As luck would have it, this shot of a bored-looking Axel Tillman is the only picture SWMTP took of the Train-Li booth; that may have been because this was the only moment that there wasn't a crowd around the booth! Between their Pro-Track & switches, their recently authorized LGB repair service, and their supply of unique accessories and figures, there seemed to be constant traffic around the booth.












As things wound down on Sunday, David Roberts (gscaleisfun), who put this first SWGRS show together, brought out pizza for all the vendors!











Bob and Jackie Starr, in front of the live steam track. If it weren't for these two, I'm not sure we'd have a live steam community in Southern California!

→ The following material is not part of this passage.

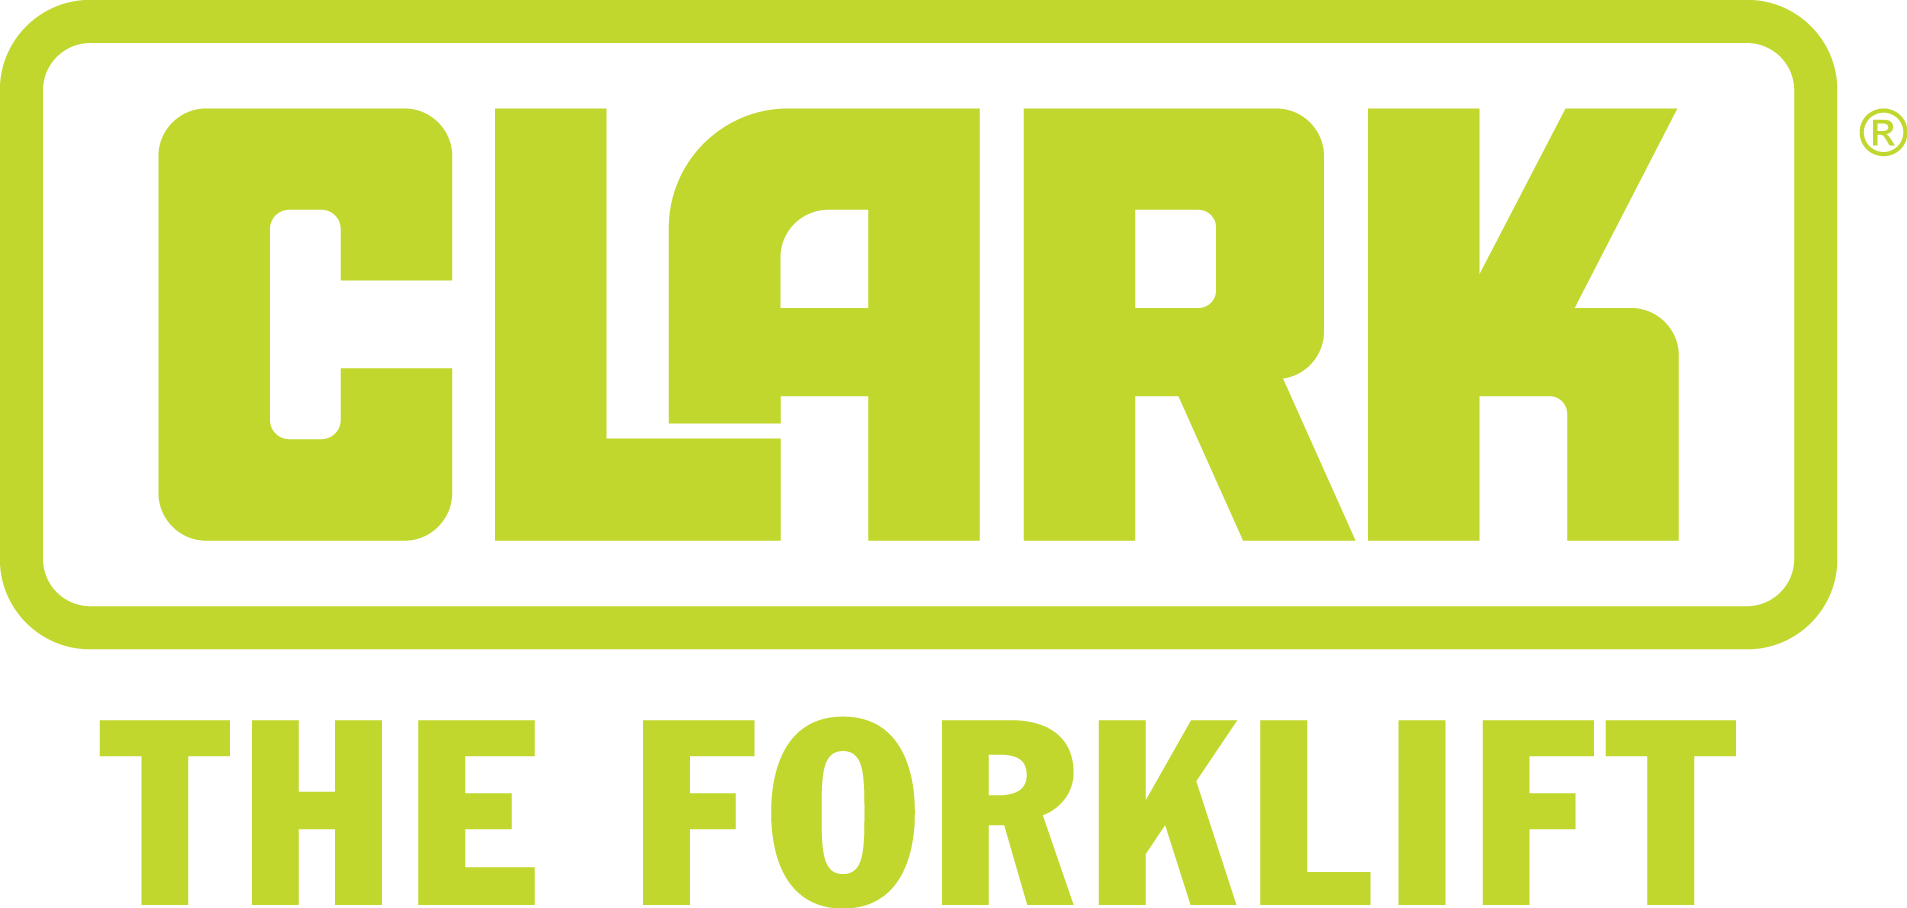 clark forklift logo

Okay, ya' got us! Bob took this one, and Jackie insisted that we post it! "I'll bet you don't have a lot of the two of you!" she said -- and she was right! We got to laughing because the brim of Carla's hat kept falling down over her eyes, and I kept yanking it up!










There were certainly some MLS people that I missed talking to and Carla missed photographing -- Tommy Meija with Engineer Grace, Greg Elmassian, Josh (parkdesigner), Howard Maculsay, and Greg Stevens amongst them. Hopefully, we'll get another chance next year!


----------



## Dave F (Jan 2, 2008)

Great work Gary. It's always good to be able to put a face to a name... Thanks.


----------



## Don Howard (Jan 2, 2008)

Great pictures and comments as usual. 
Thanks!


----------



## John Corradini (Jan 2, 2008)

Gary 
Great pictures as usual. Thanks to Carla for taking them and
you for posting them.


----------



## Stan Cedarleaf (Jan 2, 2008)

Wonderful images of the MLS Gang..... thanks, Gary and Carla...









Great shot of JJ.... He's always sideways anyway....









Just who is that "strange" person on Bob Baxter's right????


----------



## John J (Dec 29, 2007)

A train show is not complete until I have seen Gary and Carla and Bob and Jackei. Once I have see these four everything in my universe is in proper order. 

My day is complete and it is a happy day. 

Thanks for the great pictures


----------